Rôle stratégique du DSI : ce qu’attend le CEO d’Omnès Education

Pour ouvrir le programme Cap ITPreneur, nous avons choisi de donner la parole à un dirigeant. Un choix assumé : si l’évolution du rôle du DSI est largement commentée, les attentes des directions générales le sont beaucoup moins. Or, c’est bien là que tout se joue : dans ce qui est attendu… et organisé au plus haut niveau.

Nous avons eu le plaisir d’échanger avec Marc-Henri Desportes, CEO du groupe Omnès Education, l’un des leaders de l’enseignement supérieur privé. Son parcours, marqué par de grandes transformations numériques dans le secteur public, la finance, la technologie puis l’enseignement supérieur, lui donne un regard singulier sur la fonction, profondément ancré dans la réalité.

Cet échange ouvert et sans à priori éclaire, côté dirigeants, des choix structurants de gouvernance et de création de valeur. Côté DSI, il révèle l’attente d’un engagement stratégique, porteur de légitimité et d’impact. Alors, qu’attend aujourd’hui un dirigeant de son DSI ? Quelles sont les conditions de réussite ? Et sur quoi agir, côté DG et côté DSI ?  

Clarifier, structurer, faire émerger : la valeur indispensable du DSI

Lorsque Marc-Henri décrit le rôle du DSI aujourd’hui, il parle moins de technologie que de clarification et de méthodes.

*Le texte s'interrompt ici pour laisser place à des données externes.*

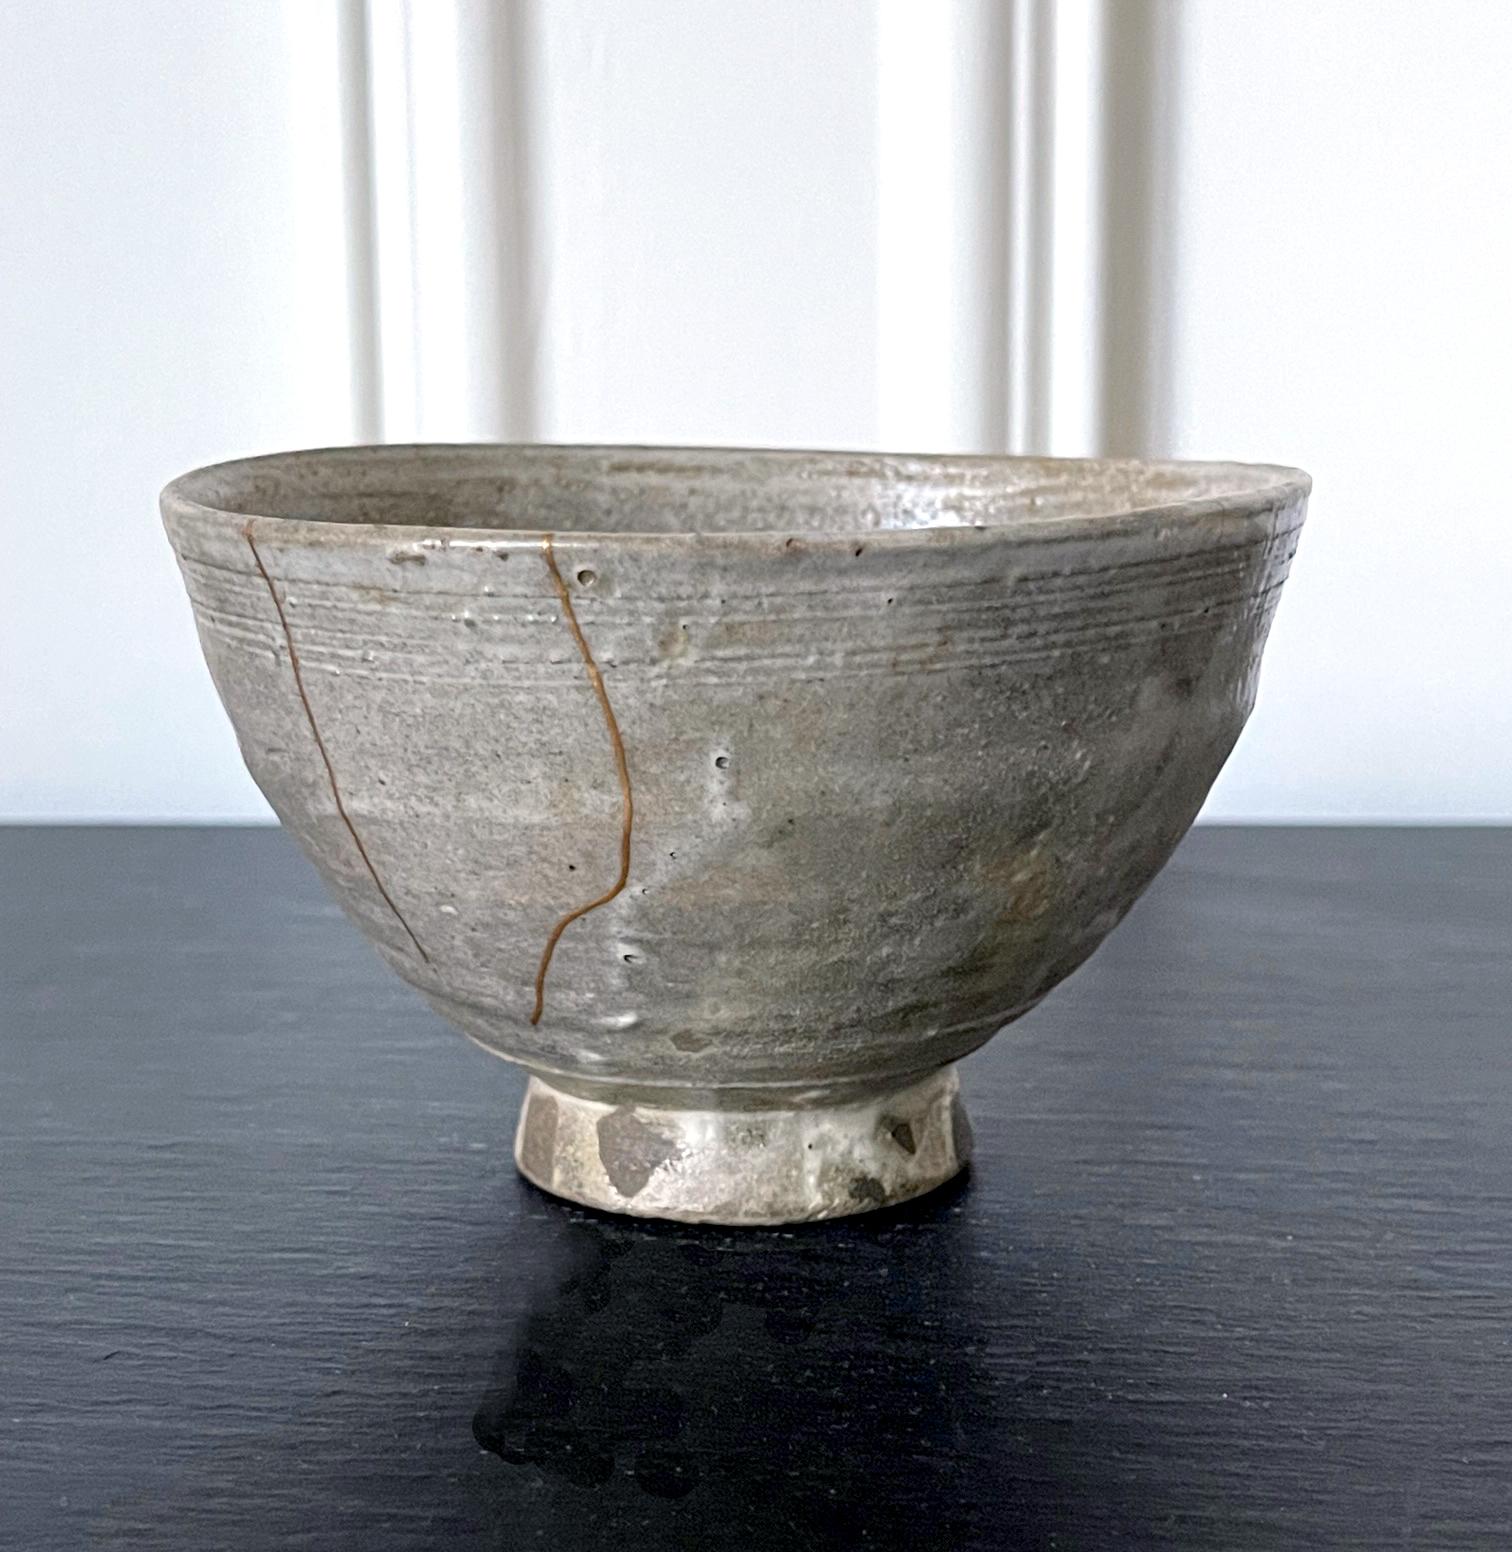 A ceramic chawan (tea bowl) circa 17-18th century fired in the Busan kiln in Korean specifically for the Japanese market. The kilns were run by the So clan that ruled Tsushima Island to fill the order from Japan with detailed preference. Gohon

Concevoir et déployer un système d’information, explique-t-il, n’est jamais un acte neutre. Outiller, c’est obliger l’organisation à se poser les bonnes questions. Les zones grises finissent toujours par remonter.

« Quand on apporte la couche informatique, on est obligé de comprendre. Et quand on comprend, on est obligé de trancher. »

Parce que le DSI intervient à la croisée des métiers, il doit impérativement comprendre les enjeux de chacun et faire émerger les incohérences. Cette capacité à clarifier dépasse largement le périmètre du système d’information : elle touche à l’organisation elle-même.

Dans cette dynamique, la valeur du DSI ne se limite pas aux outils et aux projets. Elle tient aussi à sa capacité à apporter de la méthode. Souvent, les équipes IT intègrent des compétences solides en gestion de projets. Pour Marc-Henri, ce capital est encore trop peu utilisé à l’échelle globale de l’entreprise.

Les grandes transformations de l’entreprise, rappelle-t-il, ont presque toujours une dimension IT. Et qui dit transformation dit management du changement. Accompagner les usages, sécuriser les transitions, embarquer les équipes : ces sujets sont au cœur du rôle du DSI, même s’ils ne figurent pas toujours explicitement dans sa lettre de mission.

C’est précisément ce triptyque « clarification + méthodes + conduite du changement » qui fait du DSI un acteur décisif de la performance et de la transformation. Parce qu’il aide l’organisation à se structurer et à évoluer.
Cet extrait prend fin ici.